EXERCISE: Retype the data below exactly; skip every image.

STORED DATA:
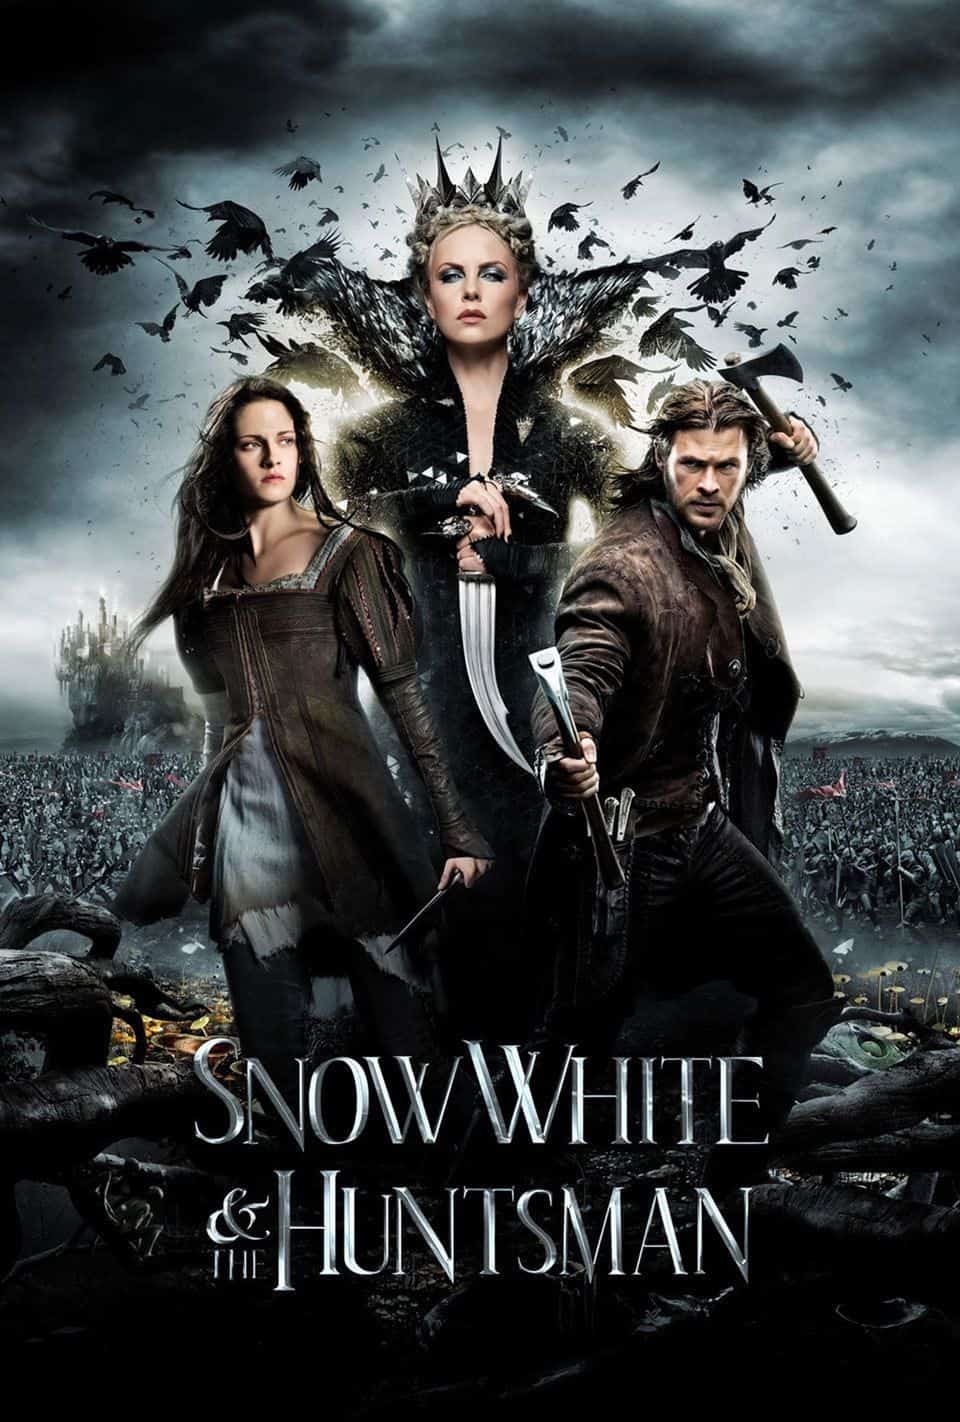 Snow White and the Huntsman film poster starring Kristen Stewart and Chris Hemsworth
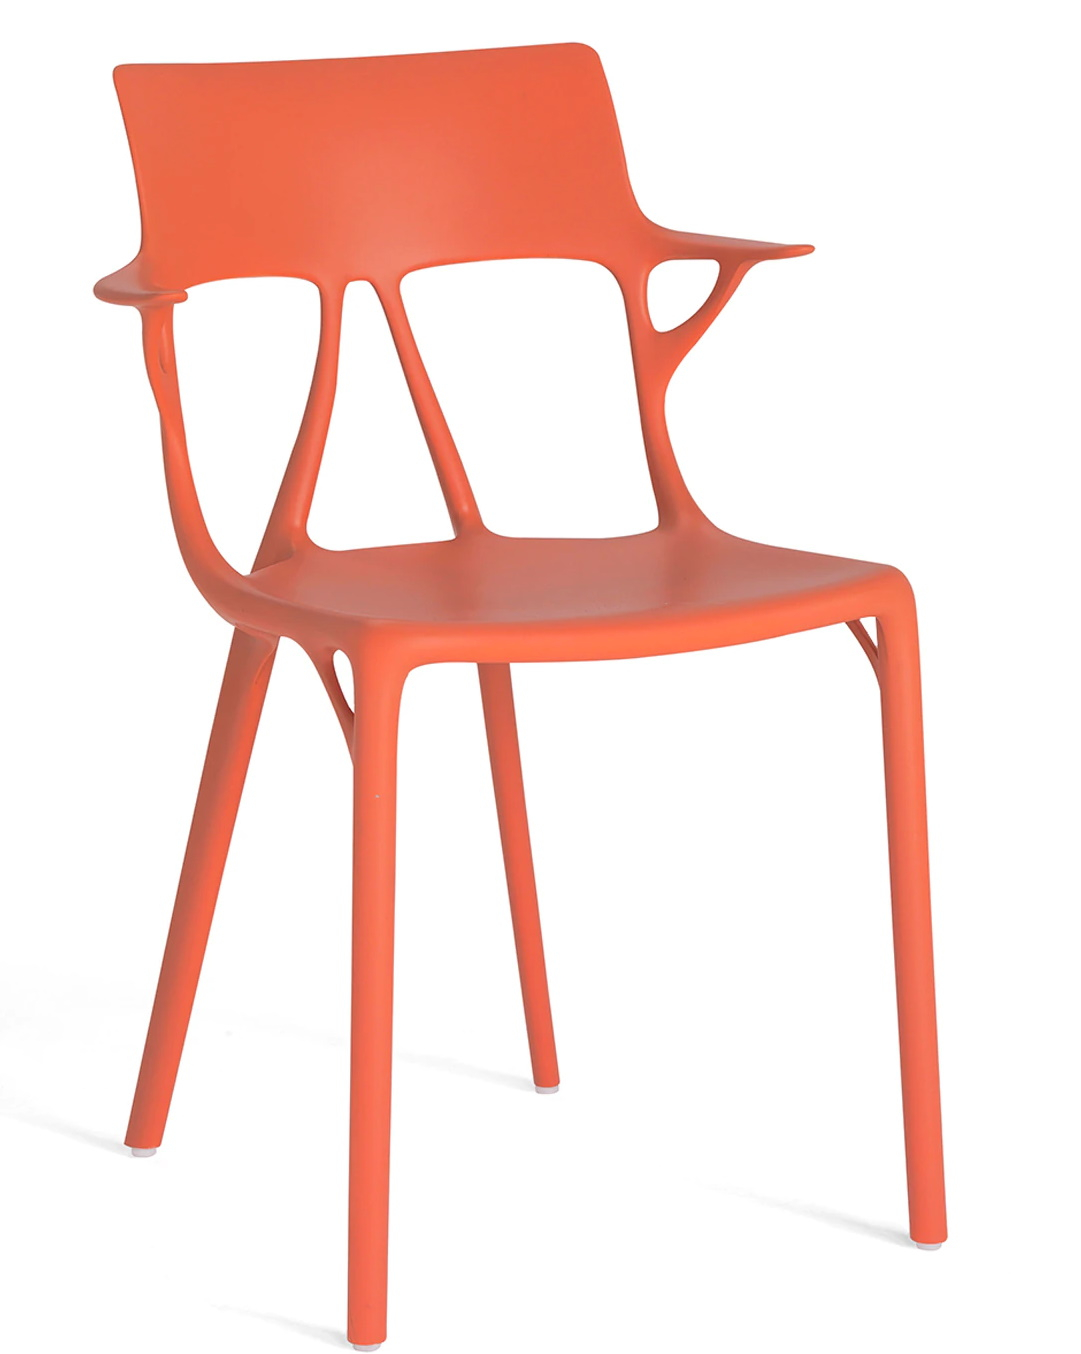 Scaun Kartell A.I. design Philippe Starck portocaliu Kartell imagine reduss.ro 2022
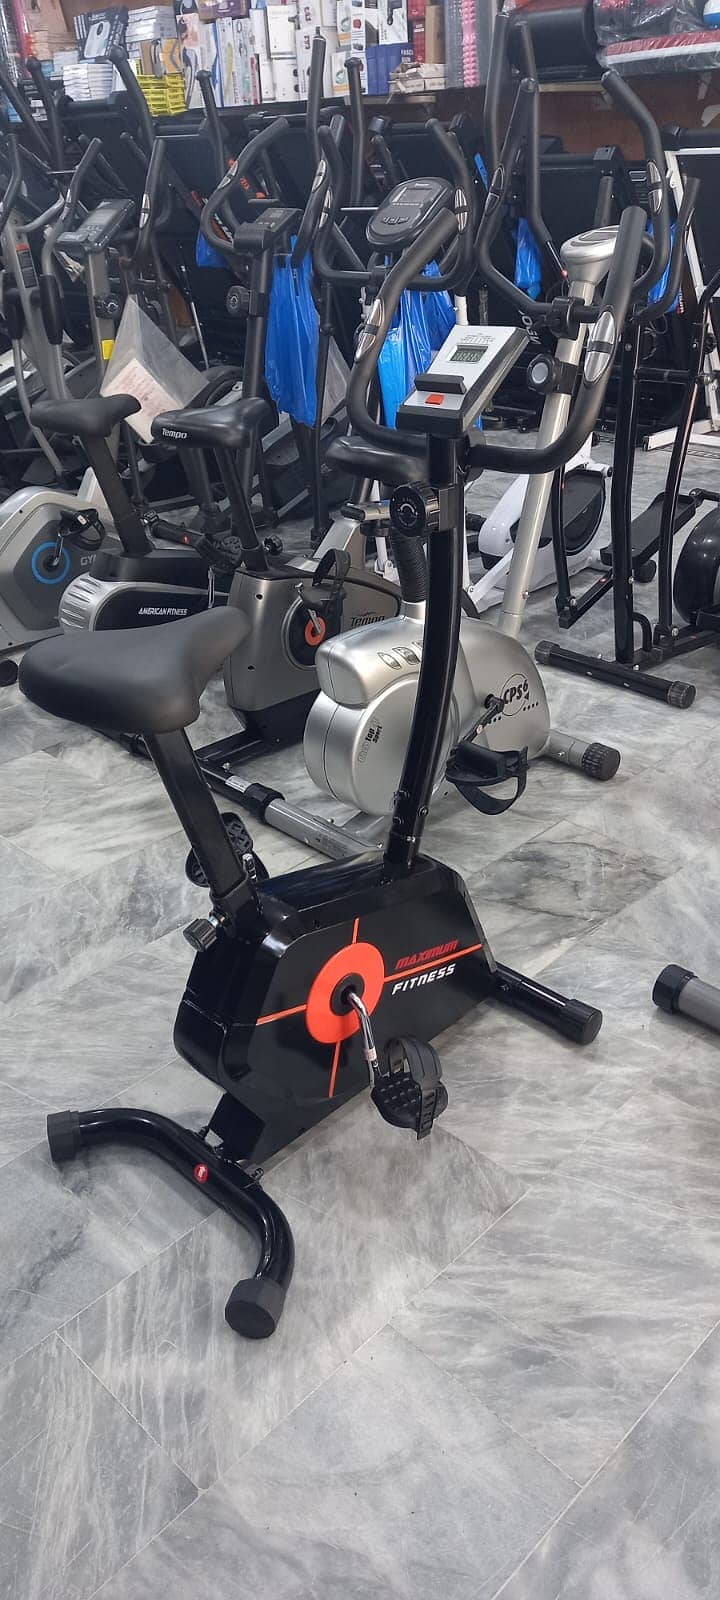 elliptical Exercise treadmill recumbent upright bike spin bike DUMBBEL 7
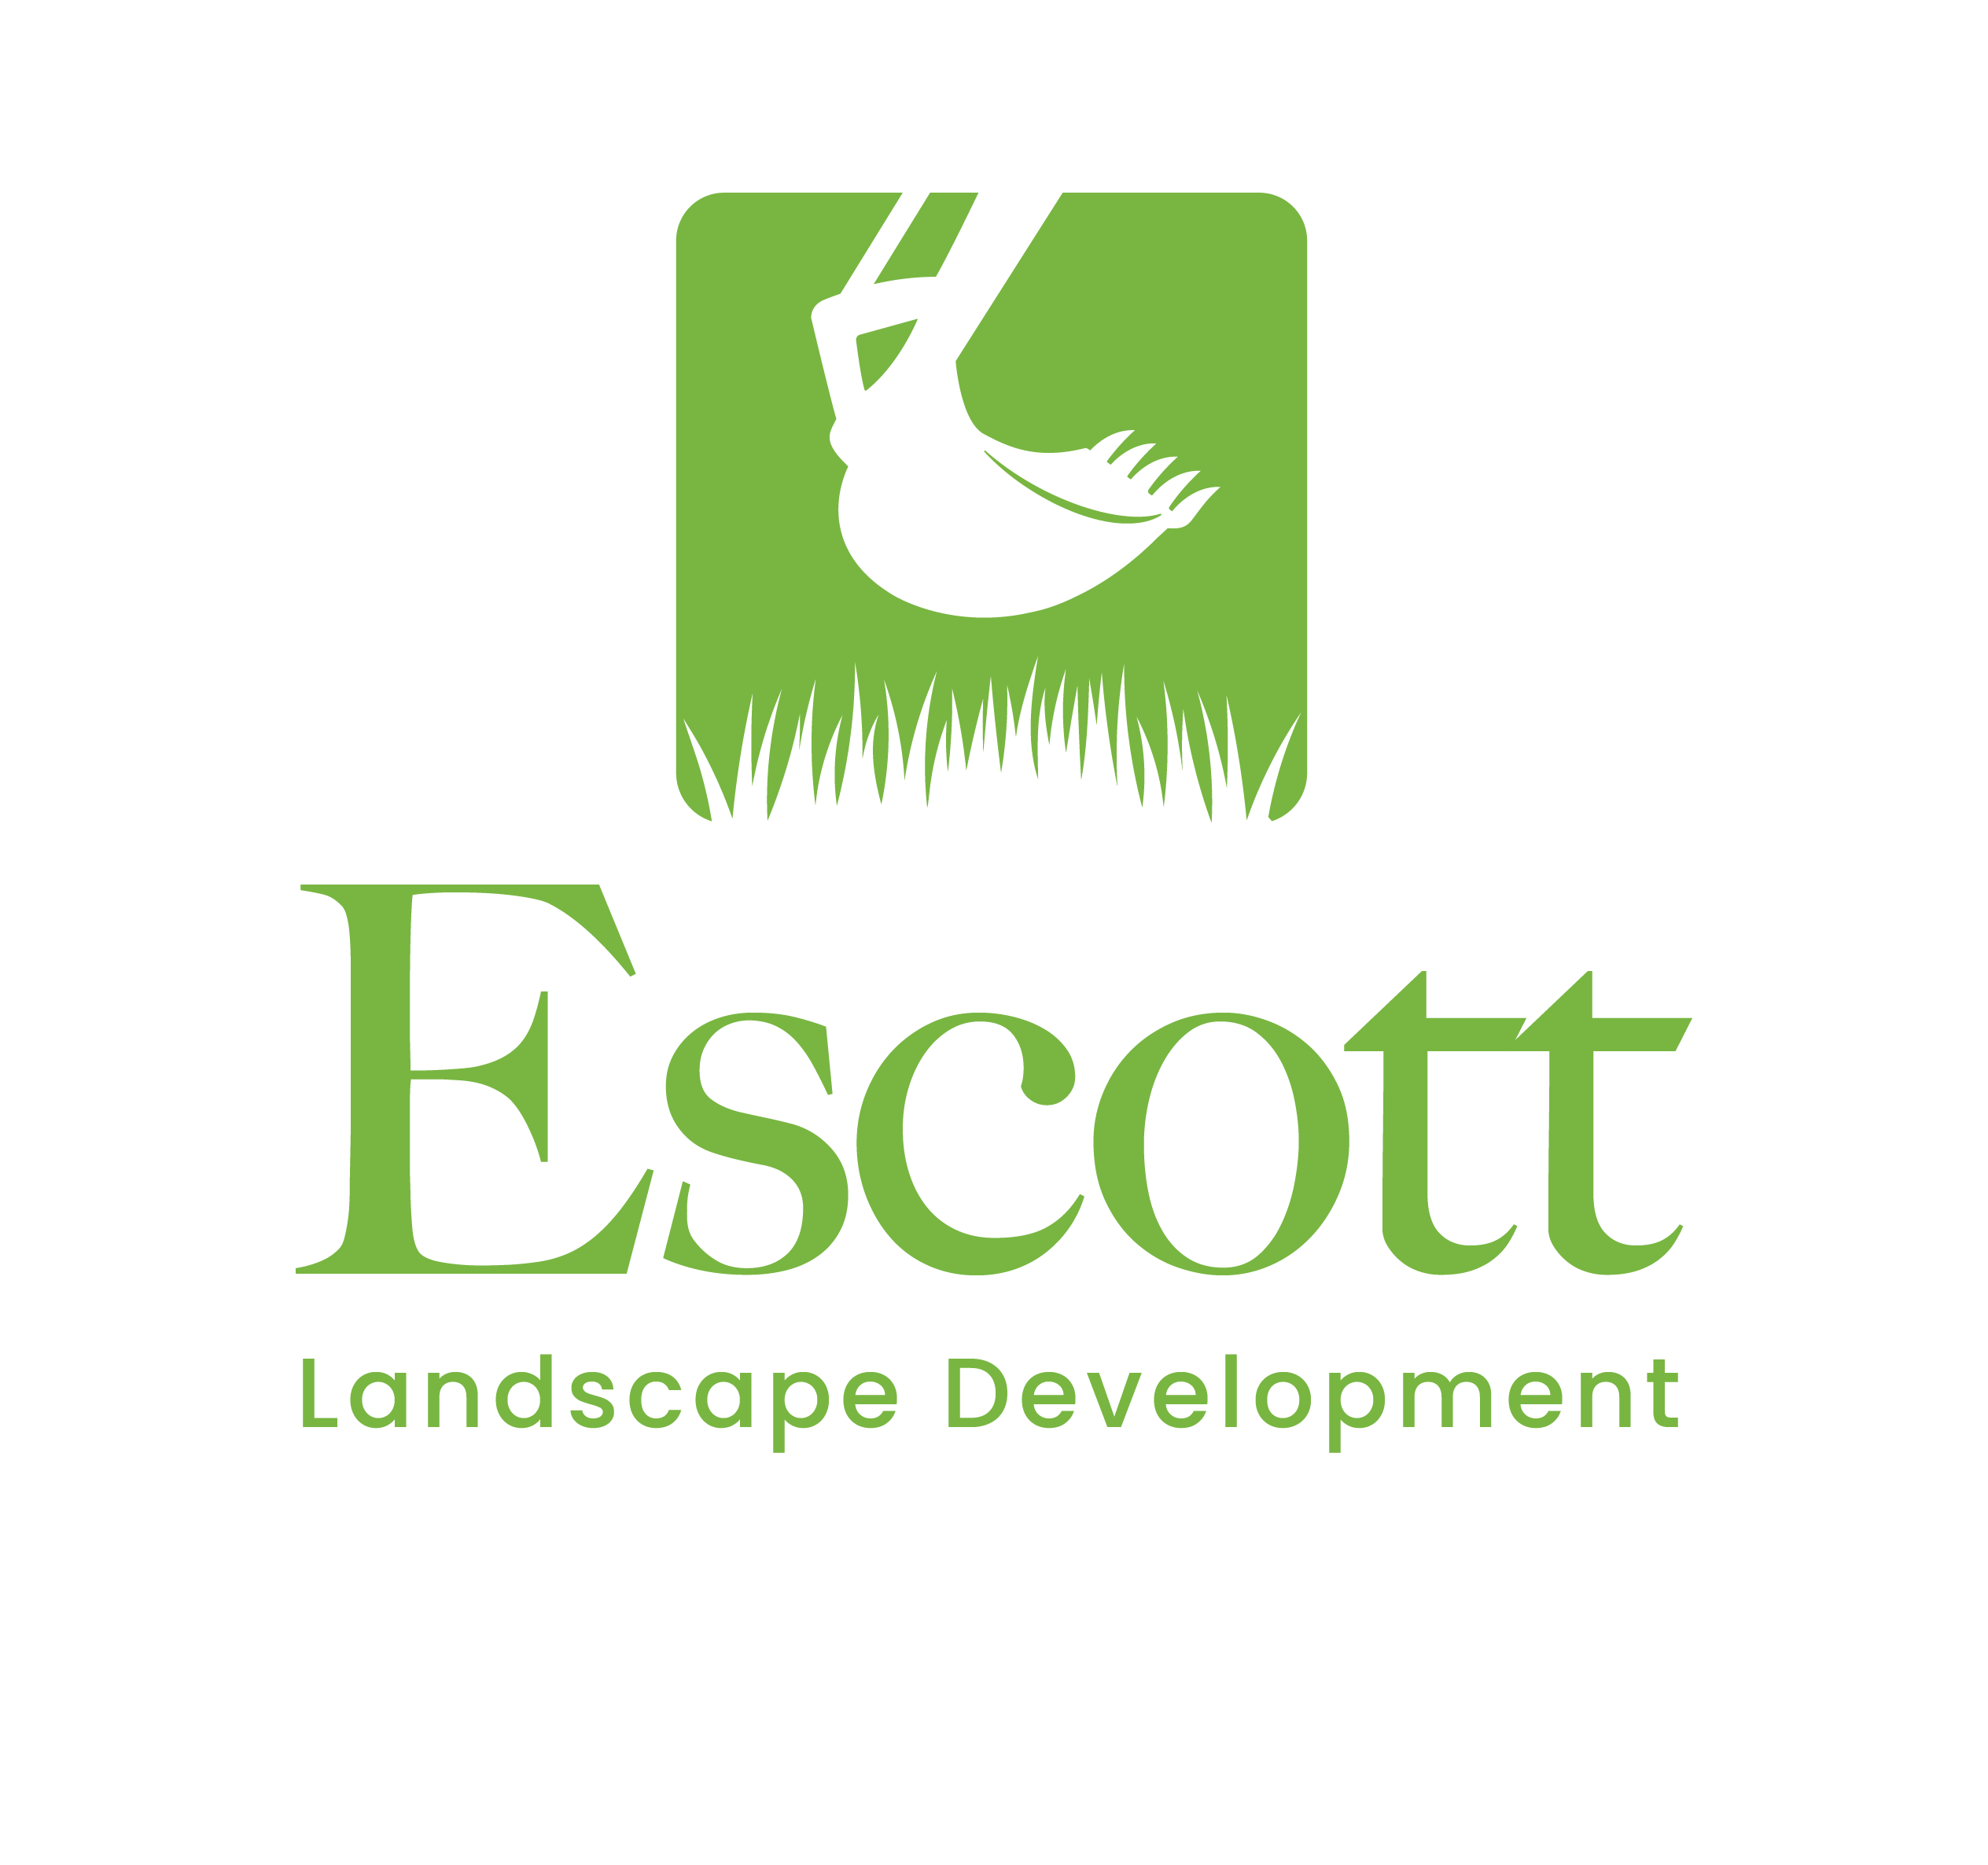 Escott Landscape Development Ltd

REPLY TO THE EXERCISE:
 Snow White and the Huntsman film poster starring Kristen Stewart and Chris Hemsworth
 Scaun Kartell A.I. design Philippe Starck portocaliu Kartell imagine reduss.ro 2022
 elliptical Exercise treadmill recumbent upright bike spin bike DUMBBEL 7
 Escott Landscape Development Ltd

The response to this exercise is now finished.